[GIVEN RECORDS]:
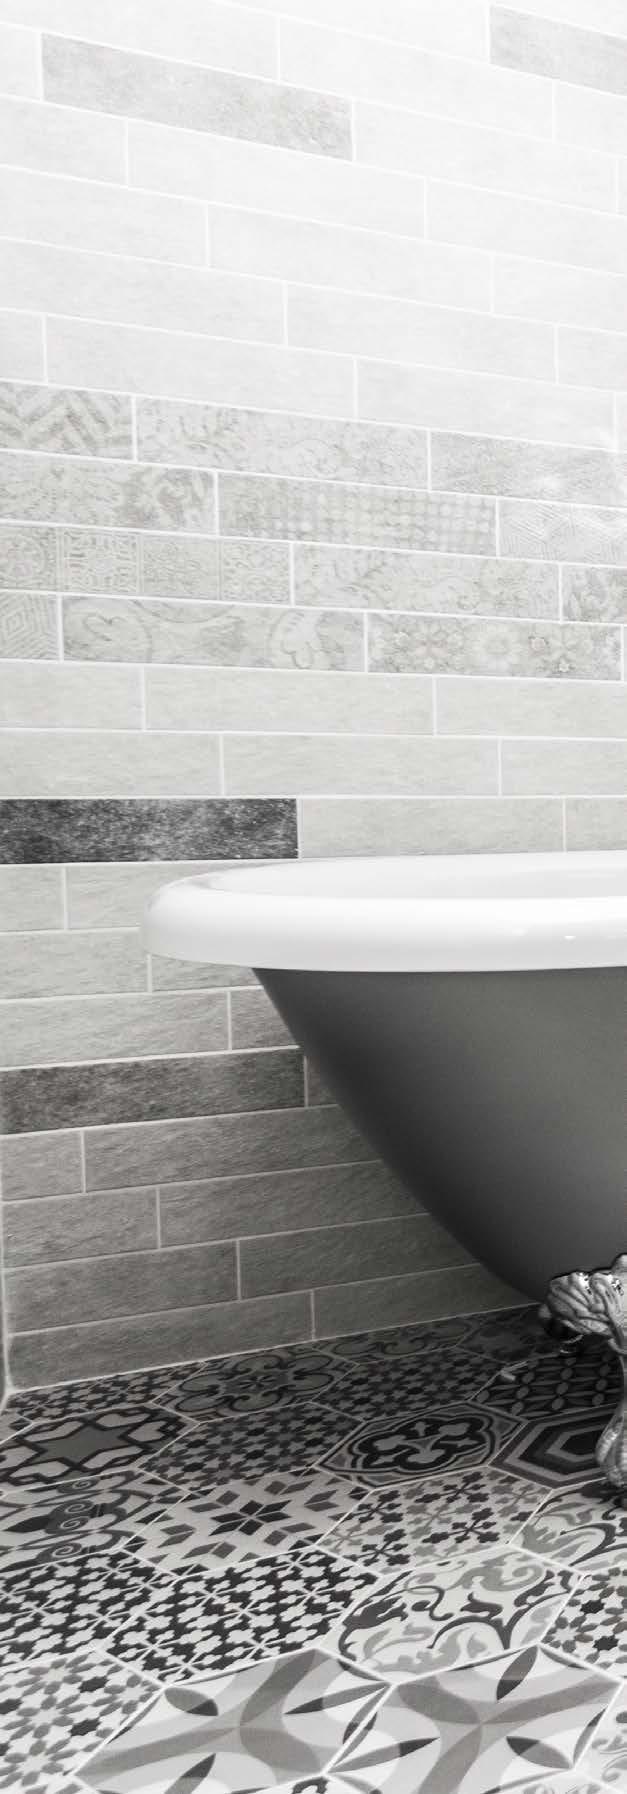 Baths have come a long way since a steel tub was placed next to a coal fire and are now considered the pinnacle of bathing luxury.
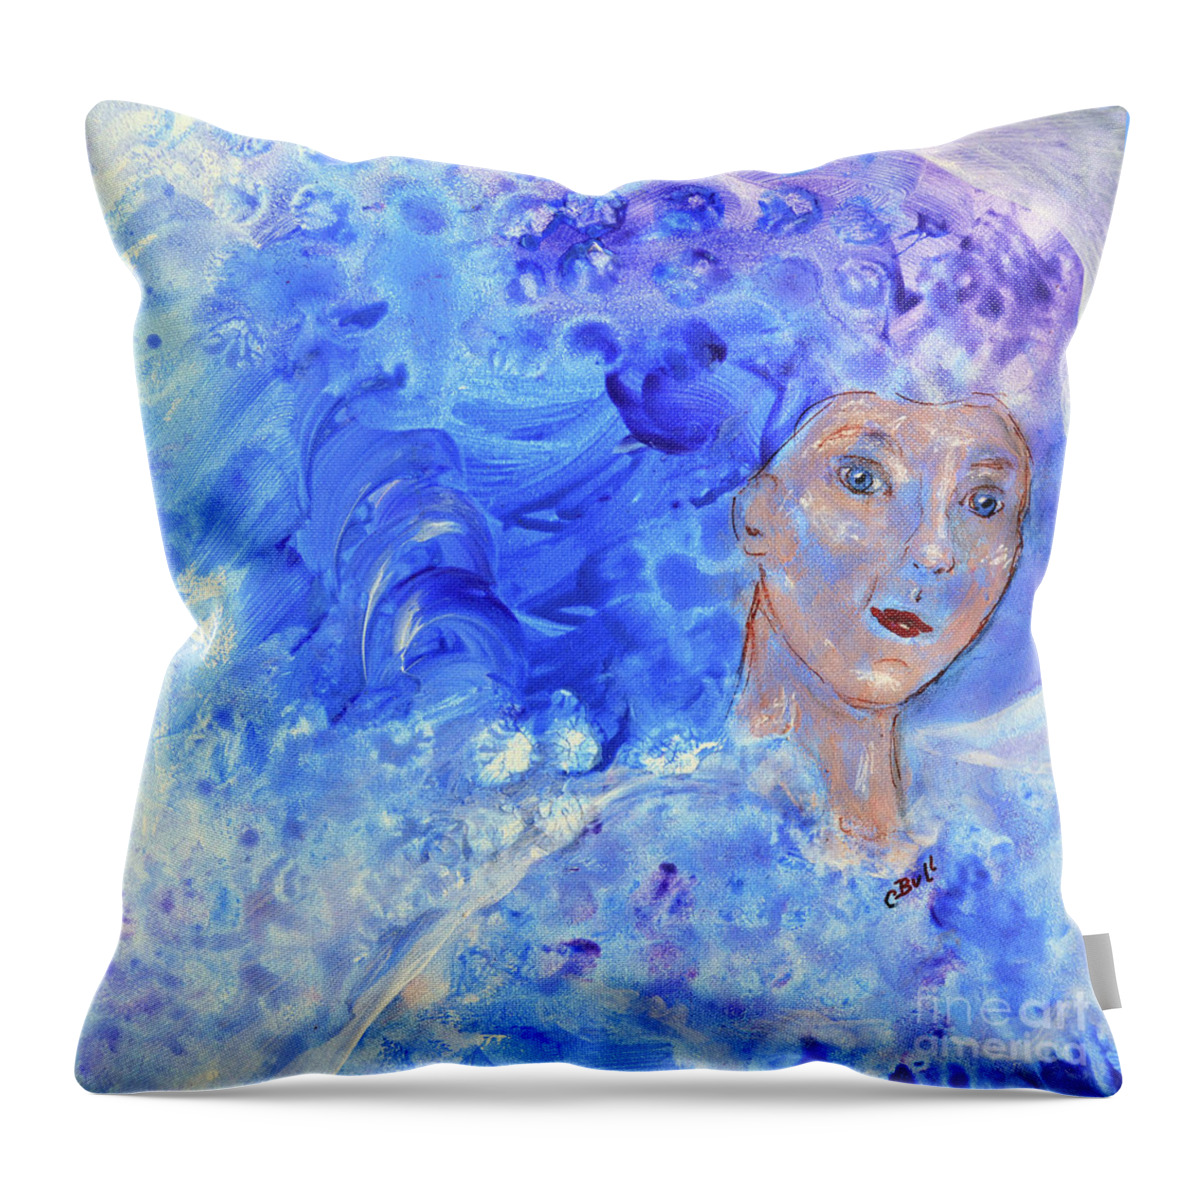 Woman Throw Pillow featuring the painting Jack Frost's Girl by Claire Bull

---

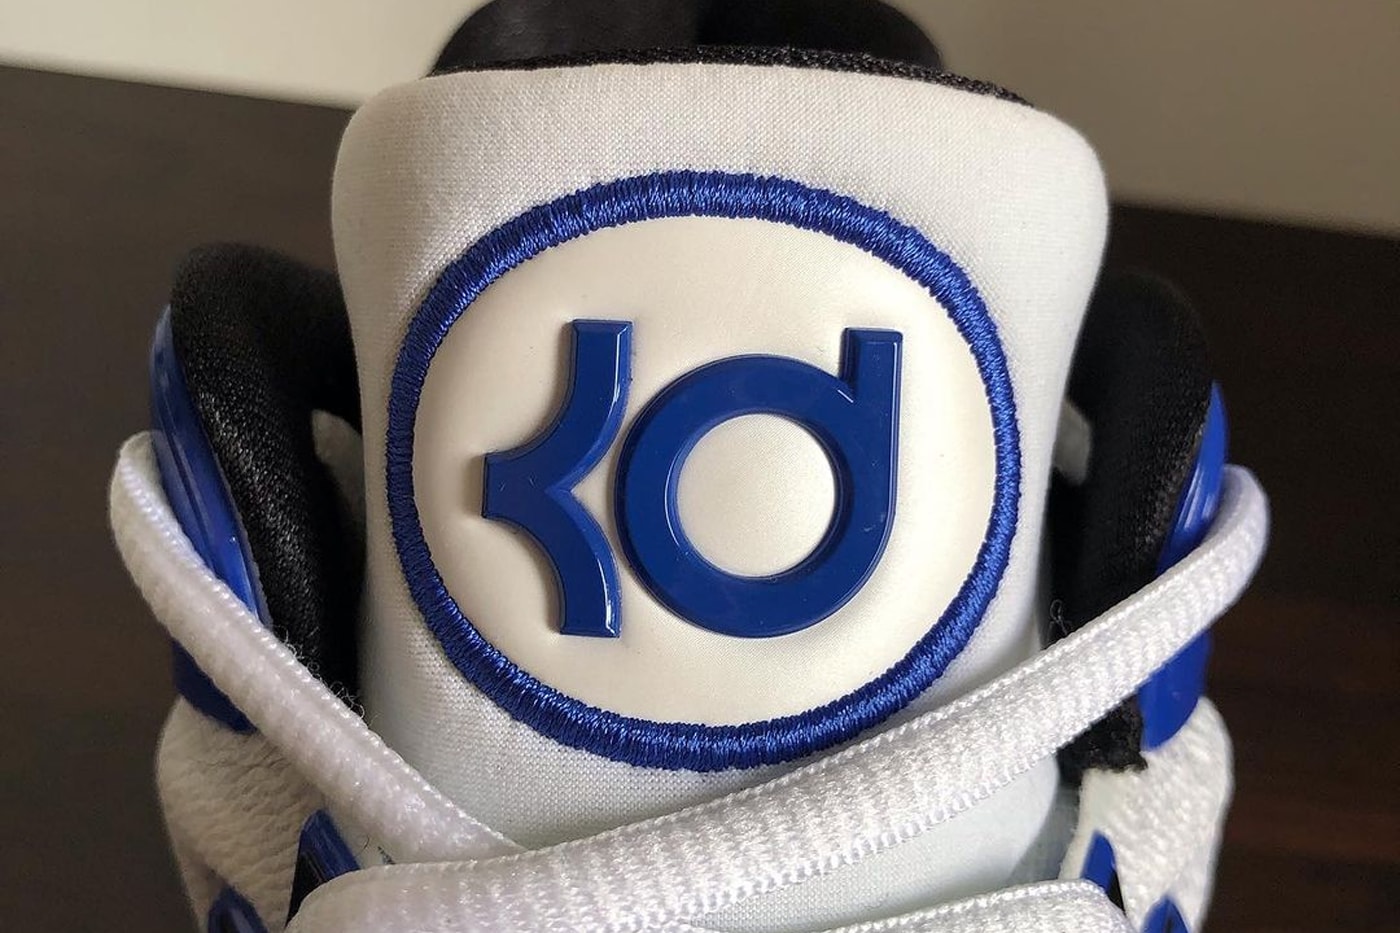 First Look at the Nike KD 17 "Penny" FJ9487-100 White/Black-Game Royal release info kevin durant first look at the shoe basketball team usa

==

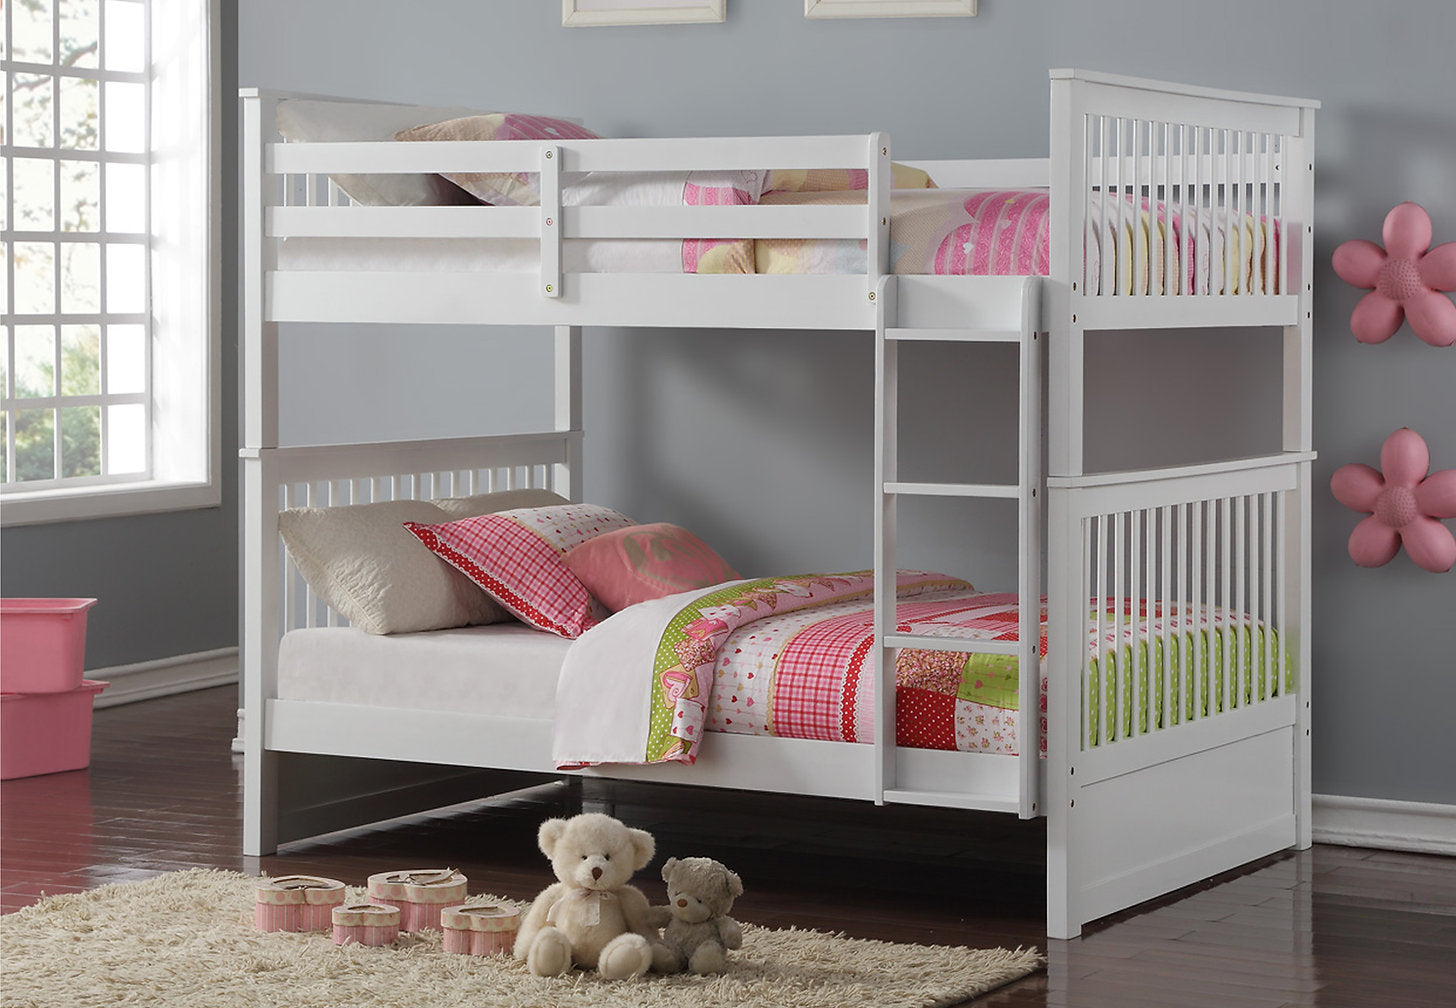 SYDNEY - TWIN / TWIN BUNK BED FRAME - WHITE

[WHAT YOU HAVE TO DO]:
Transcribe, exactly and without pictures, everything in the data from the line with "Baths have come" down to the line with "Woman Throw Pillow", both included.

[RESULT OF THE TASK]:
 Baths have come a long way since a steel tub was placed next to a coal fire and are now considered the pinnacle of bathing luxury.
 Woman Throw Pillow featuring the painting Jack Frost's Girl by Claire Bull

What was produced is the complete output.